▶ ACTIVITY
Lines from the one containing "An alert Indian" through the end of the material are to be retyped exactly; do not copy pictures.

▶ GIVEN INFORMATION
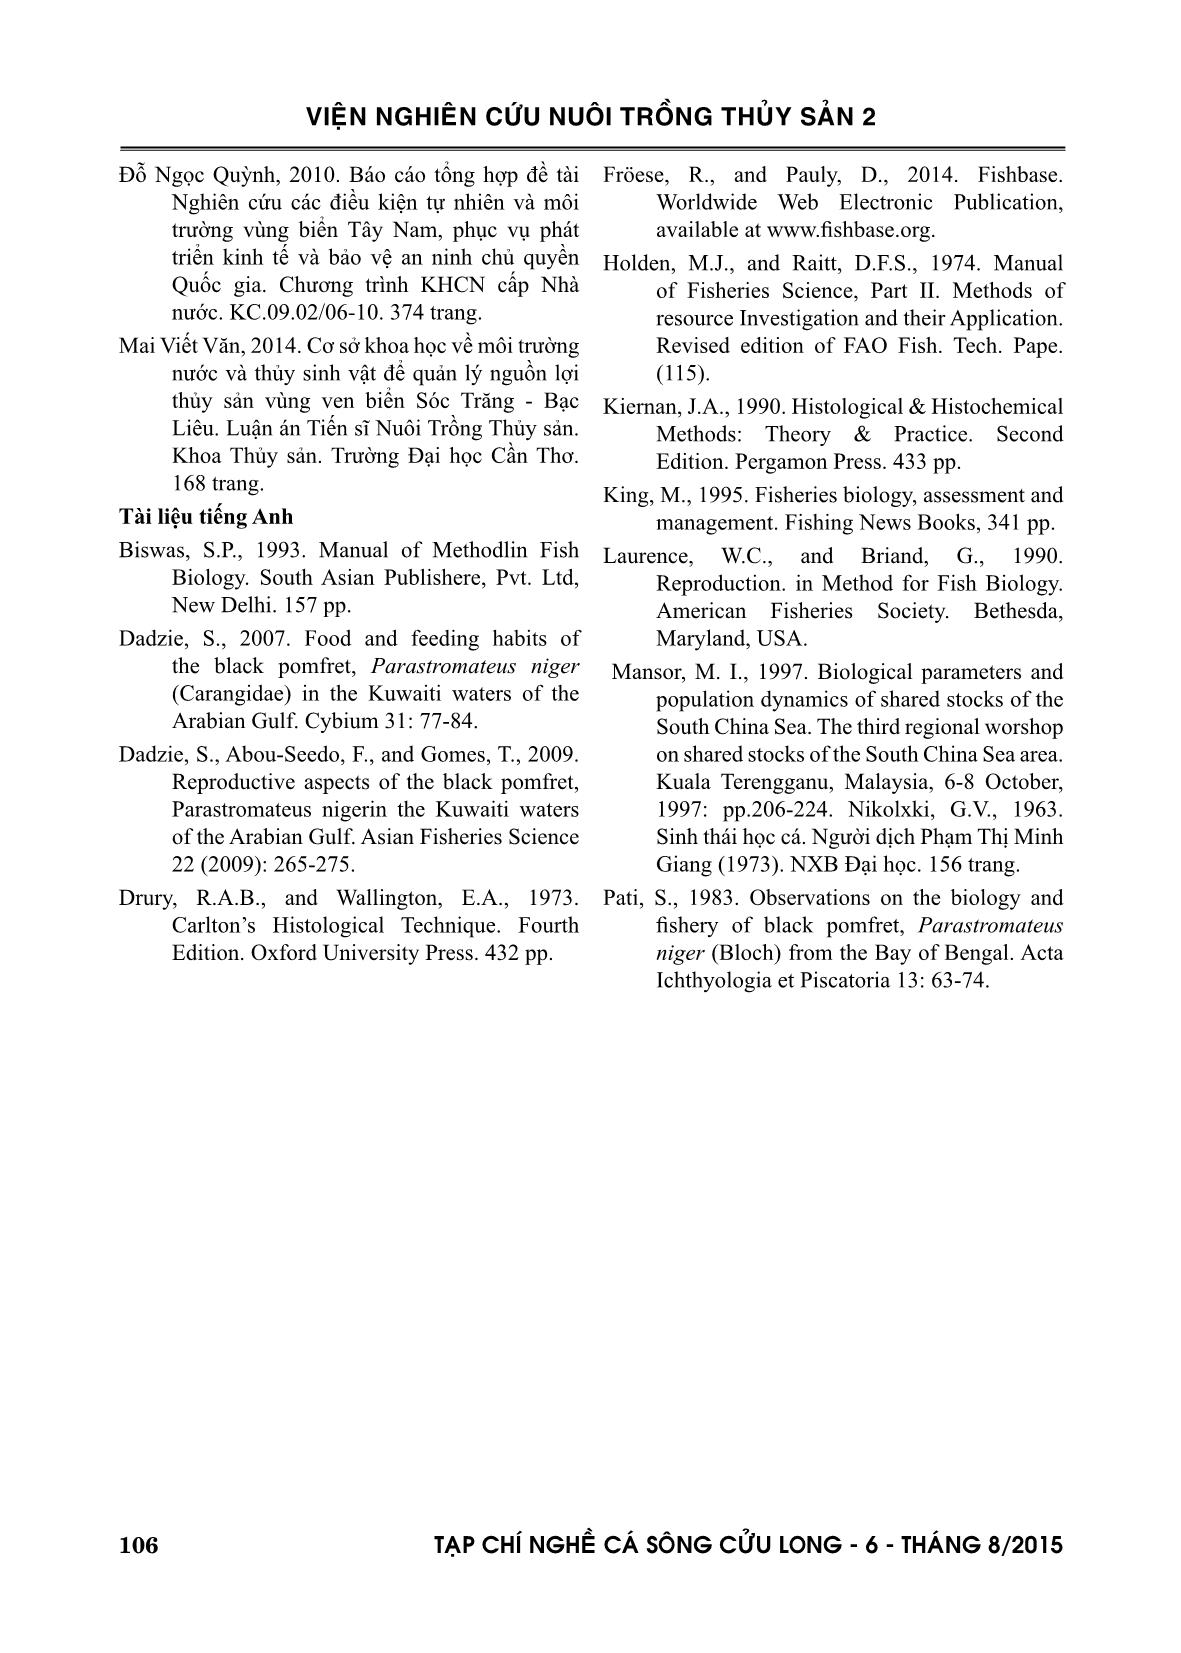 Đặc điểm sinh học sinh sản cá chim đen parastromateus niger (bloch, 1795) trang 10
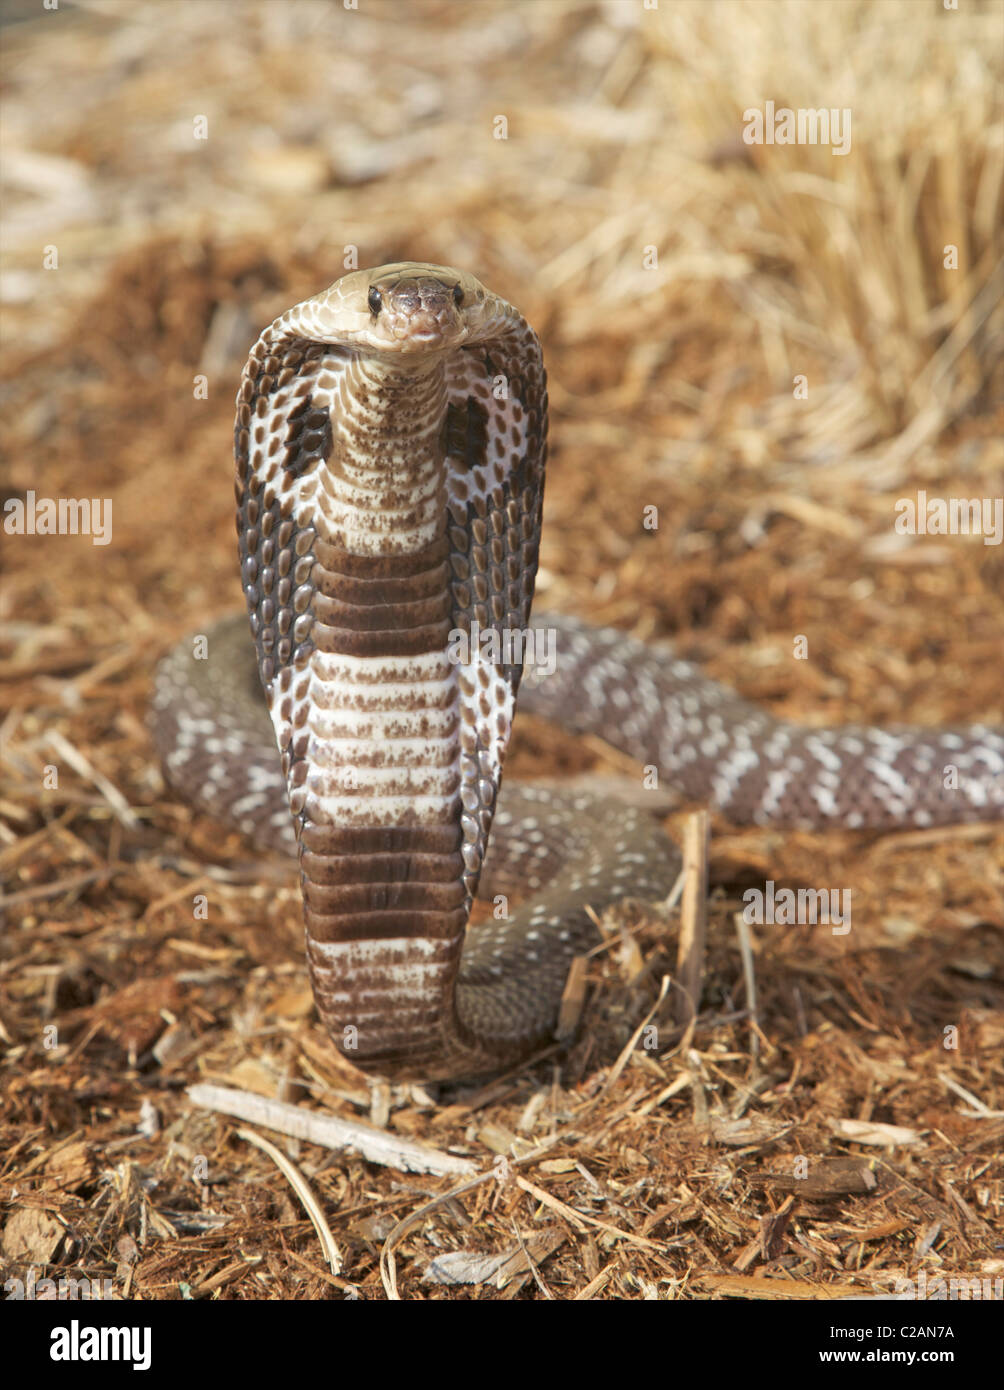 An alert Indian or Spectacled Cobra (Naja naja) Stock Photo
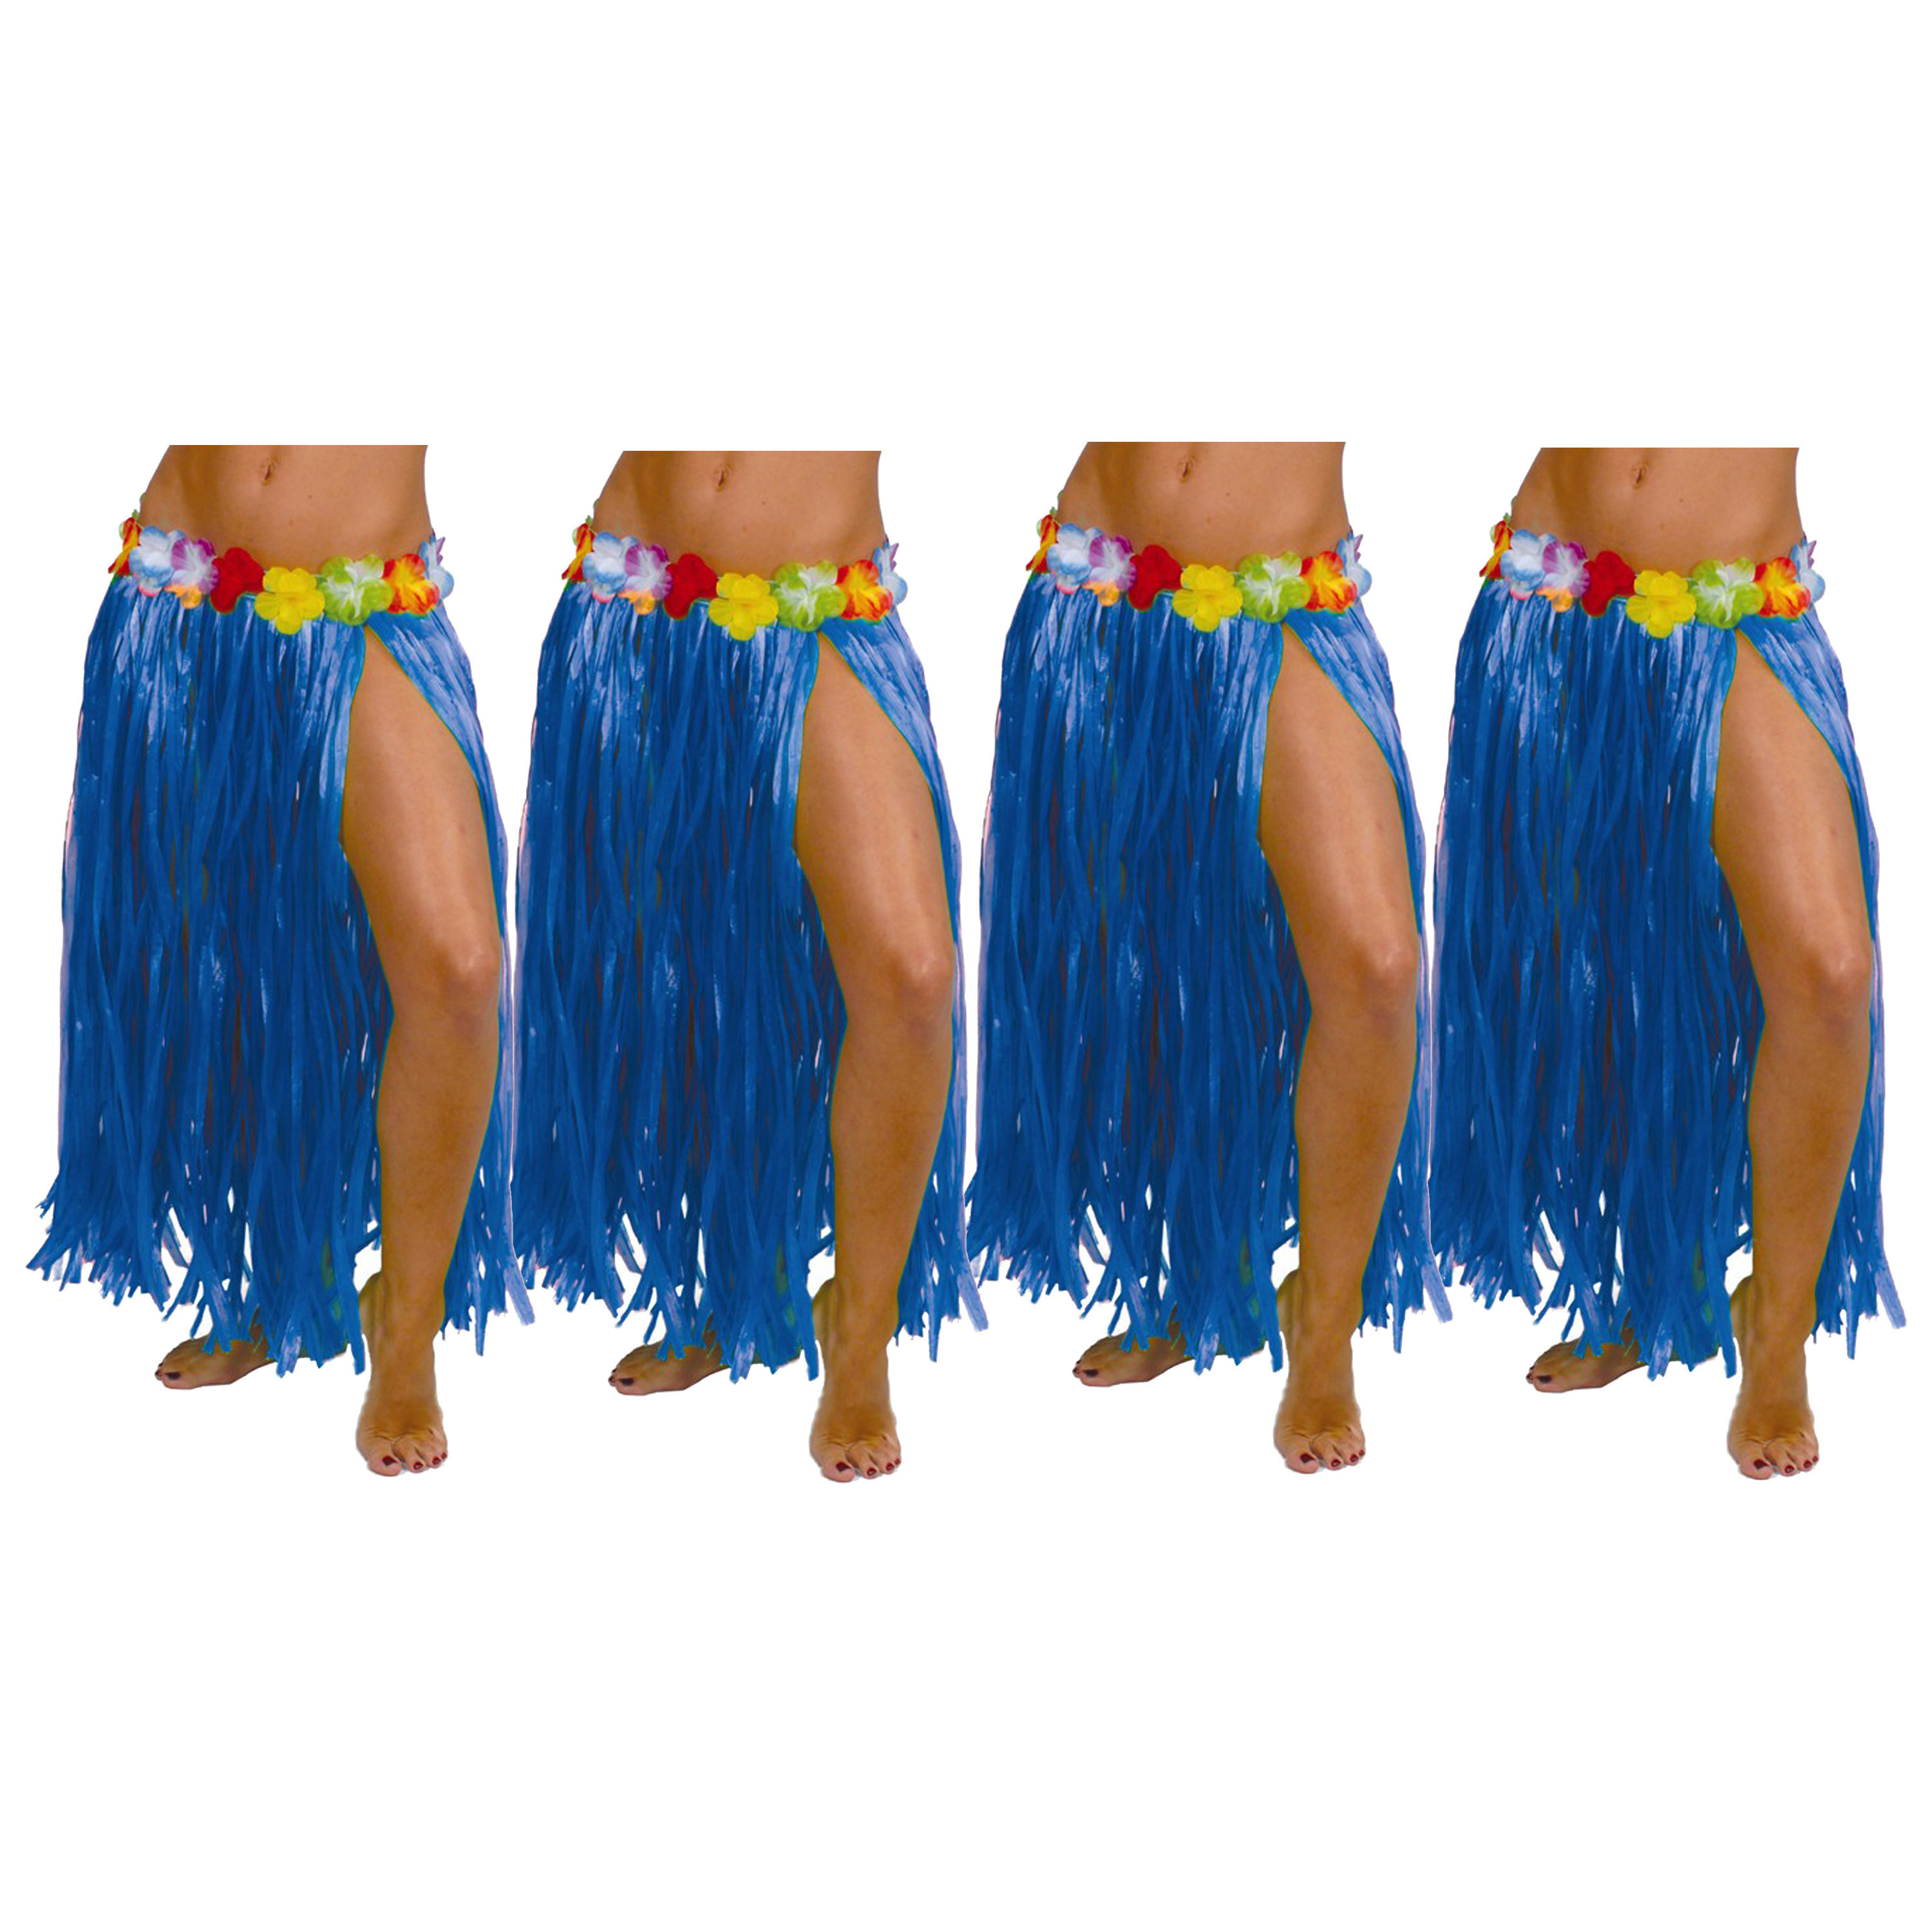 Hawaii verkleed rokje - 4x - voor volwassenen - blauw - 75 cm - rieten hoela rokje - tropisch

▶ TASK ANSWER
 An alert Indian or Spectacled Cobra (Naja naja) Stock Photo
 Hawaii verkleed rokje - 4x - voor volwassenen - blauw - 75 cm - rieten hoela rokje - tropisch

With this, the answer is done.